Un an après un premier vol habité (?), il tente aujourd'hui un second voyage, garanti 100 % analogique, pour aller encore plus loin au fond d'un trou noir. Le nom des divers synthétiseurs utilisés pour cela laisse déjà rêveur, promesse de sonorités froidement duveteuses : claviers modulaires, Mellotron, Farsifa, orgue Hammond et le légendaire Moog etc... composent cet échantillonnage électronique.

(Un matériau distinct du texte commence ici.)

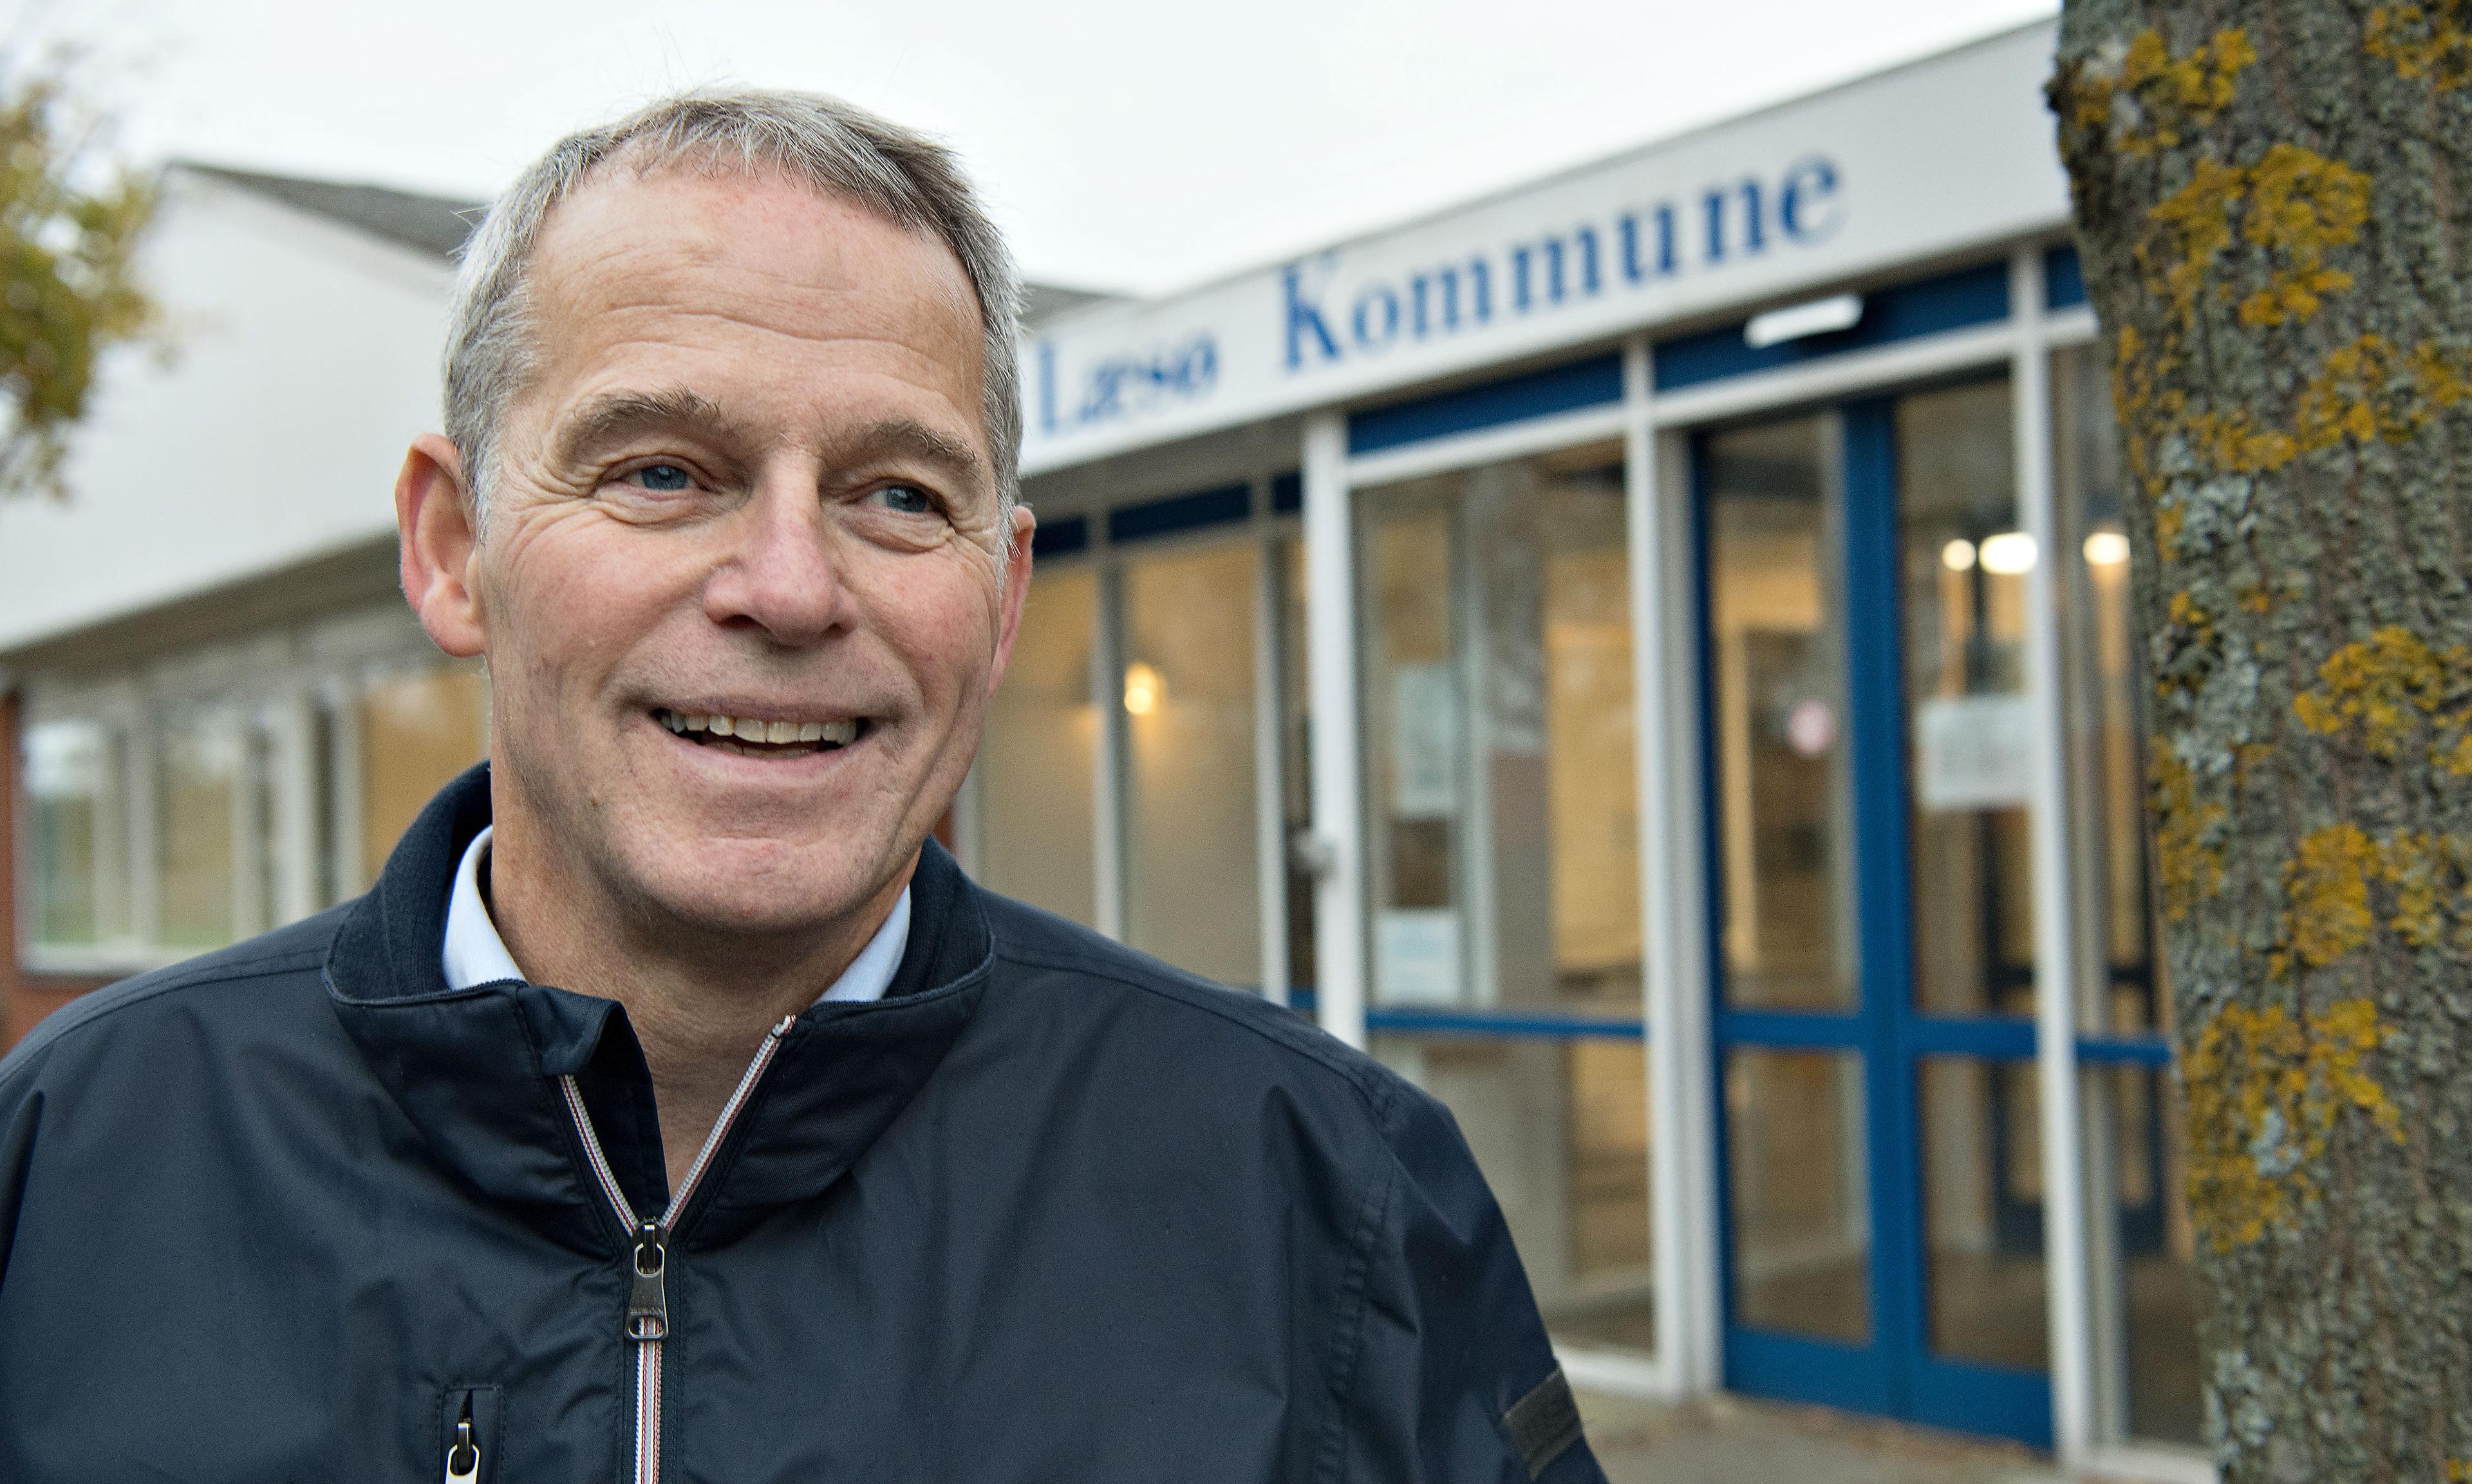 Efter 43 år i bankverdenen er Karsten Nielsen klar til at prøve noget nyt. Sidste gang han tog et stort nyt skridt var, da han flyttede til Læsø. Dengang var Læsøboerne den ubekendte for mig - denne gang er det bare jobbet, der er den ubekendte.

Comme son devancier, l'album s'articule autour de quatre pistes seulement mais pour près de 80 minutes de musique ! Dire que le bonhomme prend son temps tient de l'euphémisme, étirant au maximum des plaintes d'une monumentale démesure. Quatre plages donc, quatre monolithes qui se dressent dans les ténèbres stellaires. Sans afficher des teintes aussi lugubres que les créations de Tangerine Dream période Pink, "Cosmic Ground II" a des allures de trip démentiel d'une noirceur hypnotique qui confine à la transe.
Müller étend des nappes froides et volontairement répétitives, installant l'auditeur dans un état proche de l'Absolu, à l'image de 'Organia', élévation orgasmique dont les boucles entêtantes résonnent comme un mantra crépusculaire. Ce qui pourrait être monotone, et le sera sans doute pour des oreilles insensibles à cette beauté cosmique, bourdonne en réalité d'une myriade de sons, effluves obsédants d'un psychédélisme noir.
Comme le montre 'Sol', montée en puissance pulsative, on a souvent l'impression que rien ne se passe alors qu'en fait, c'est tout un monde obscur qui s'éveille dont on remarque progressivement les détails comme ces étoiles que l'on distingue peu à peu, parsemant une voûte nocturne. De son côté, 'Altair' illustre parfaitement la façon dont le musicien parvient à phagocyter toute trace de lumière et de chaleur, tissant une lente dérive dans l'immensité glaciale et silencieuse de l'univers.
Avec cette seconde échappée en solitaire, Müller repousse ici les limites, s'aventurant dans les profondeurs du cosmos. Ce faisant il accouche du meilleur album de krautrock entendu depuis très longtemps, opus sombrement analogique et psychédélique.